1965年3月19日,還有二年徒刑的荒井健司獲准假釋出獄。
這天早晨剛起床,看守突然通知他出獄,荒井興奮得渾身顫抖。脫下囚服,換上便裝,荒井才真正覺得要出獄了。收拾完東西,他來到監護課。這是他離開監獄前必須要去的地方。
「荒井,你多大年紀了?」
監護課長的提問使他覺得一陣難過。
「今年2月已經滿34歲了。」
「都34歲了,也該明事理了。你得好好想想。20多歲時犯錯誤還有挽救的餘地,如果你再進一次監獄,你這一輩子就完了。」
「是。」
課長看了看材料接著說:
「作保人是你的妻子?她還沒過門,等了你8年?」
「是。」
荒井覺得眼眶發熱。
他不願意別人看見他的眼淚,但控制不住的眼淚不斷湧出,順著面頰往下流。

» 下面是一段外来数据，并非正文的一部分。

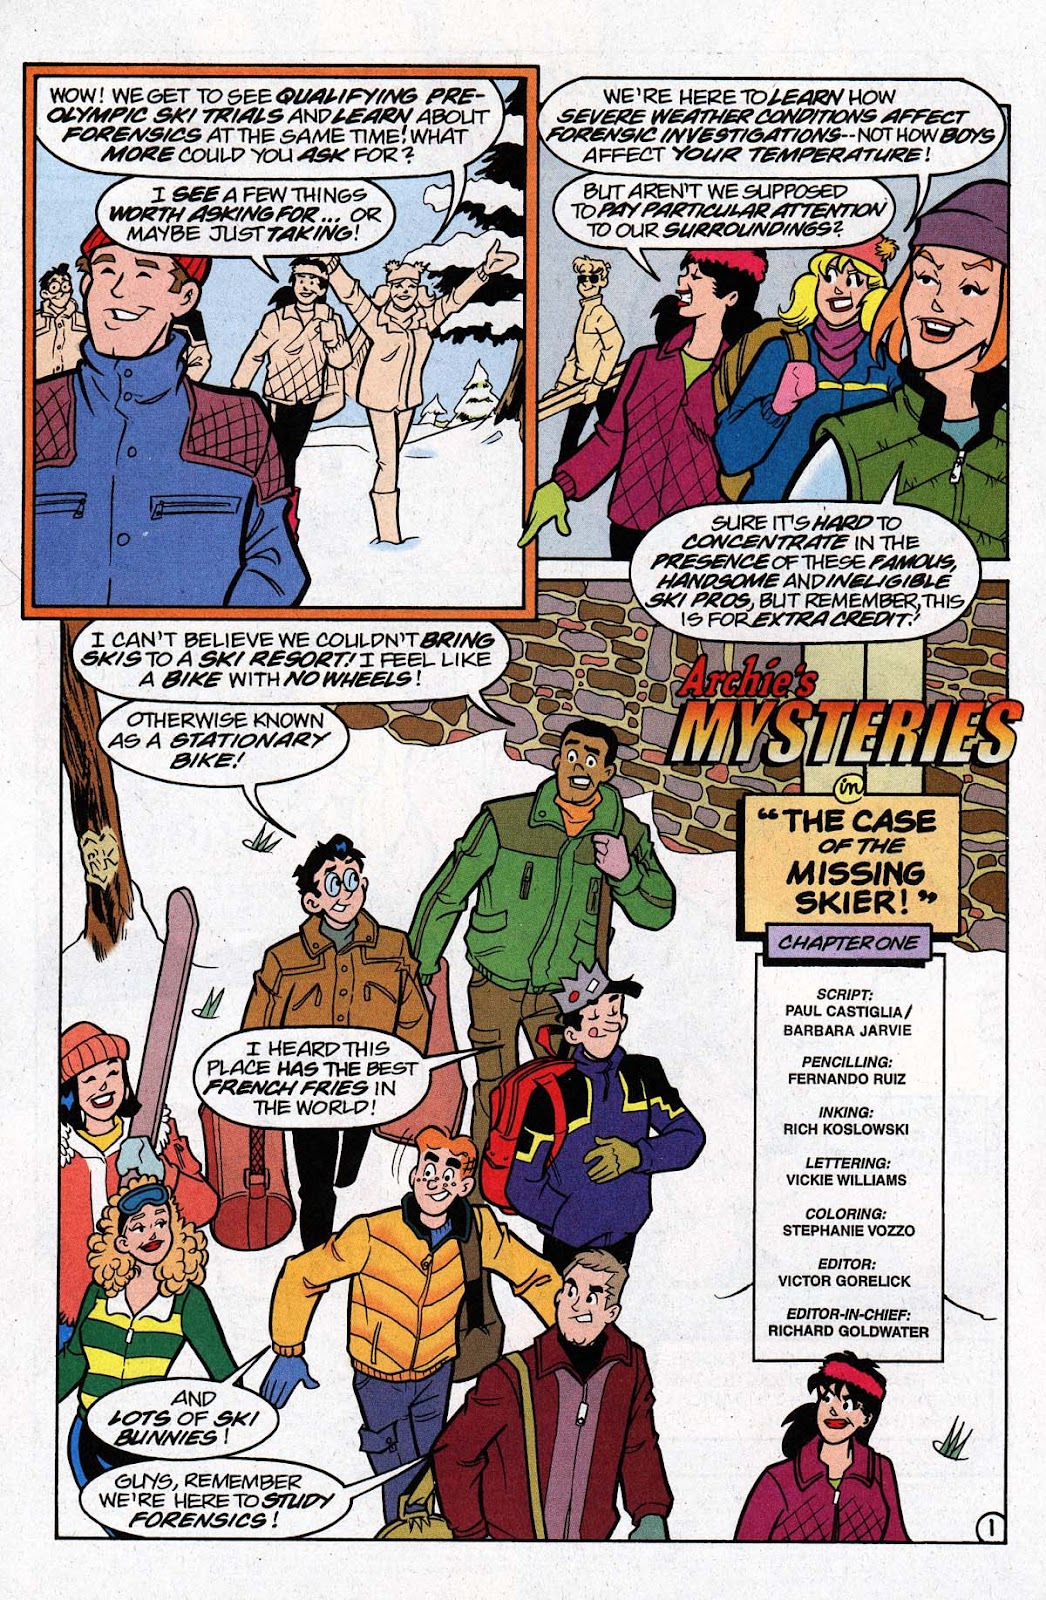 Weirdest Mysteries Archie Porn - Archie s Weird Mysteries Issue 26 | Viewcomic reading comics ...

他進監獄時,澄子只有21歲。
「你要好好待她,不然會受罰的。即使她和別的男人有過交往,也不要責備她。為了你的妻子,好好幹,不要讓她操心。」
「是。」
荒井只能順著他回答。
「出獄你就知道了。外面的世界和你剛進監獄的時候已經大不一樣。這是重新做人的好時機。回到東京後,同監護人北川良彥先生談談,爭取好好做人。明白了嗎?」
「明白了。」
「行了,你走吧!注意身體,別再進監獄了!」
「謝謝!」
荒井深深地鞠了一躬,走出監護課辦公室。8年沒有穿過鞋的腳,一穿上鞋就象踩在棉花上一樣。
東北地方已經春意盎然。晴朗的天空飄浮著朵朵白雲,暖風吹拂著大地。
把出獄證件遞給看守邁出大門,外面已是自由天地了。荒井禁不住停下來喘了一口氣。
「健司。」
從門柱旁傳來女人的聲音。
荒井渾身象觸電一樣回過頭來。看到在門柱旁站著的澄子的時候,荒井激動得全身顫抖,熱血沸騰。
「澄子……,謝謝你來接我。」
荒井說不出話了,
澄子握著他的手說:
「那還不是應該的?我是你妻子。」
「對不起,讓你辛苦了!」
說著,荒井仔細地打量了一遍澄子。站在這兒的是他完全陌生的一個新女性。8年的歲月給女人帶來如此大的變化!身穿淺綠色和服,有著一副大膽逼視的目光的澄子,散發著成熟婦女的氣息。臉部也發生微妙的變化,就象一顆被拋光的珍珠一樣,放射著光彩。她體態豐滿,風姿綽約。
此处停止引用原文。